Фрэнк утешился несколькими порциями виски в пабе, пока пытался решить, что делать. Когда он пришел домой пьяный, то попытался солгать, но Лиззи знала, что он никогда не пьет во время съемок. Она выгнала детей из кухни и закрыла дверь.
– У нас в лучшем случае пять минут, Фрэнк, колись, ты меня пугаешь.
– Меня уволили.
– Что? Ублюдки!
Фрэнк почувствовал, как его переполняет любовь. Он мог рассчитывать, что Лиззи без вопросов встанет на его сторону.
– Кто-то обвинил меня в сексуальных домогательствах.
Лиззи застыла. Он не мог догадаться, о чем она думает.
– Кто? – спросила она, но он понятия не имел. – Они ведь должны сказать тебе – кто. Как же тебе иначе защищаться?
– Но я ничего не делал.
– Ты уверен? Ты можешь немного распускать руки, и твой взгляд…
– Распускать руки? Какой взгляд? – в панике спросил Фрэнк.
– Как будто ты кого-то раздеваешь.
Фрэнк понял, о каком взгляде она говорила.
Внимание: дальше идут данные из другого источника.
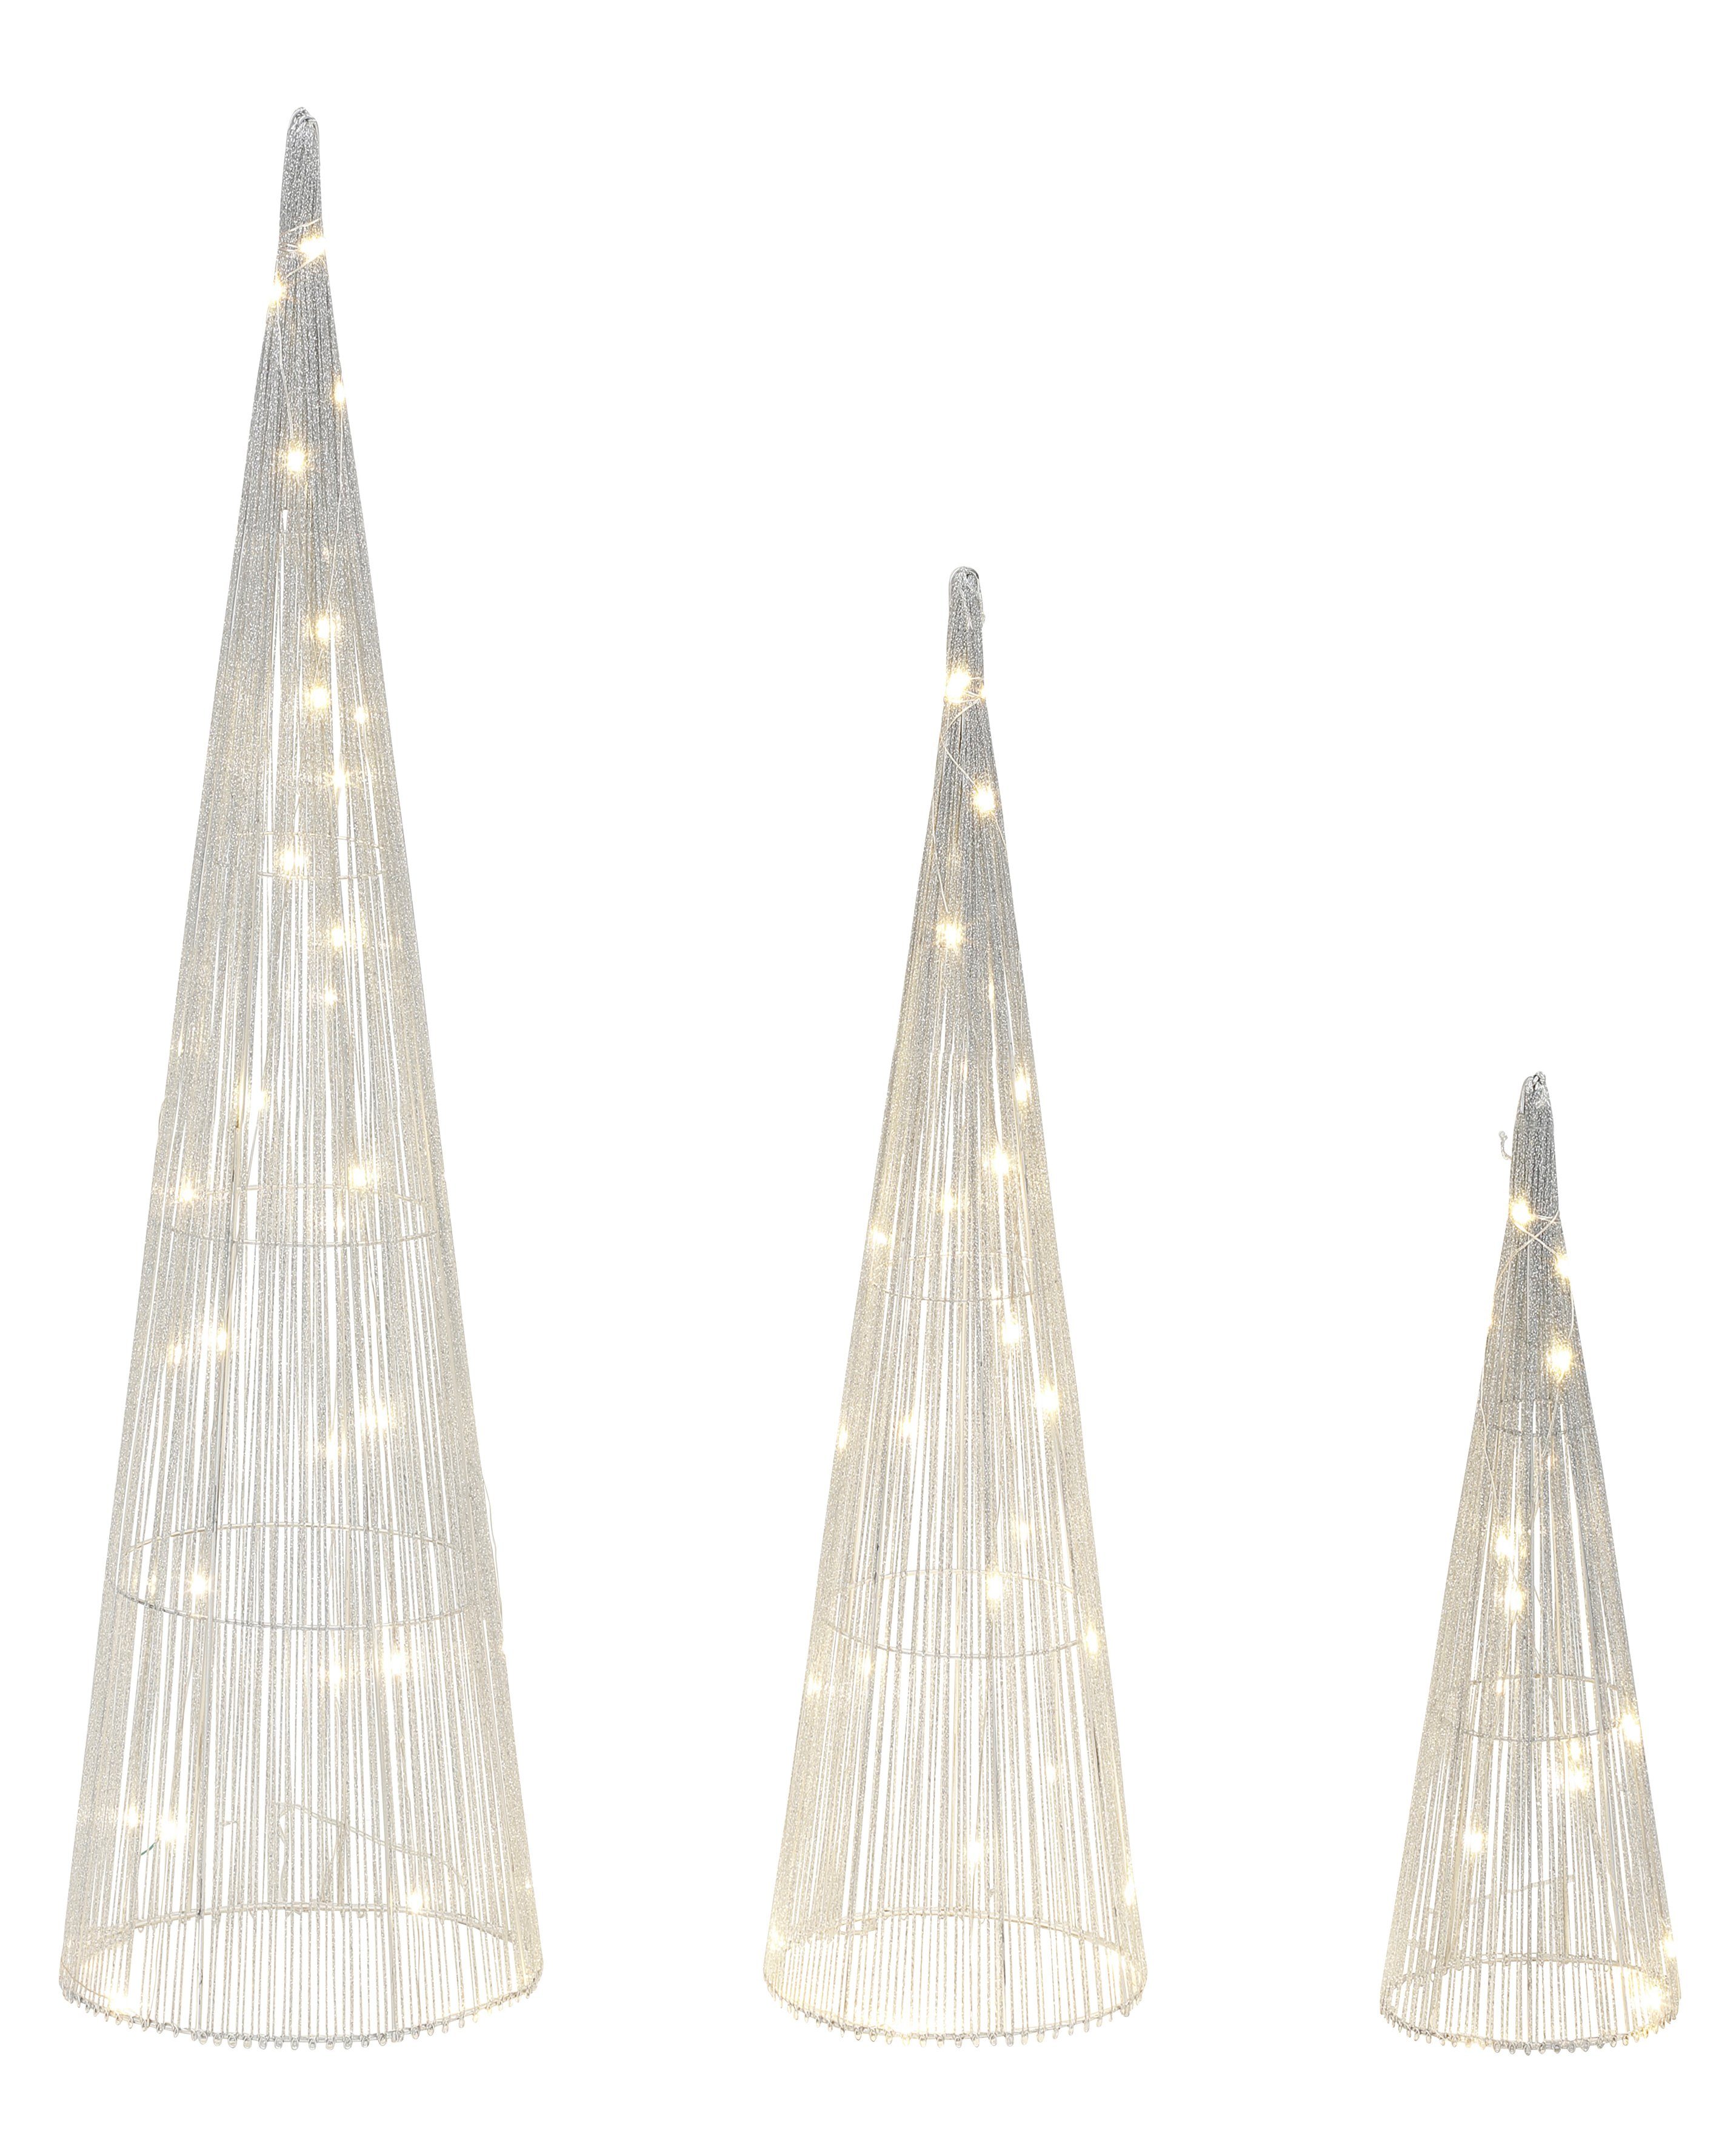 schimmernde Pyramiden LED Effektvolle LED-Beleuchtung, Größen integriert, Dekolicht in LED-Bäume, Warmweiß, Weihnachtsdeko, 3 Pyramiden LED Star-Max Leucht fest silberfarben mit

– Ну это не так, и я этого не делал.
Джимми высунул голову из-за двери:
– Мама?
– Вон.
Джимми понял, что с таким тоном спорить нельзя, и закрыл за собой дверь. Находясь в безопасности за дверью, он крикнул:
– Мы голодные.
– Я знаю, что ты ничего не делал намеренно, – сказала Лиззи. – Вот почему тебе нужно выяснить, кто подал жалобу, чтобы ты мог поговорить с ней. Это мог быть кто-то из съемочной группы, но, скорее всего, это актриса.
– Я не путаюсь с актерами. Как ты можешь такое говорить?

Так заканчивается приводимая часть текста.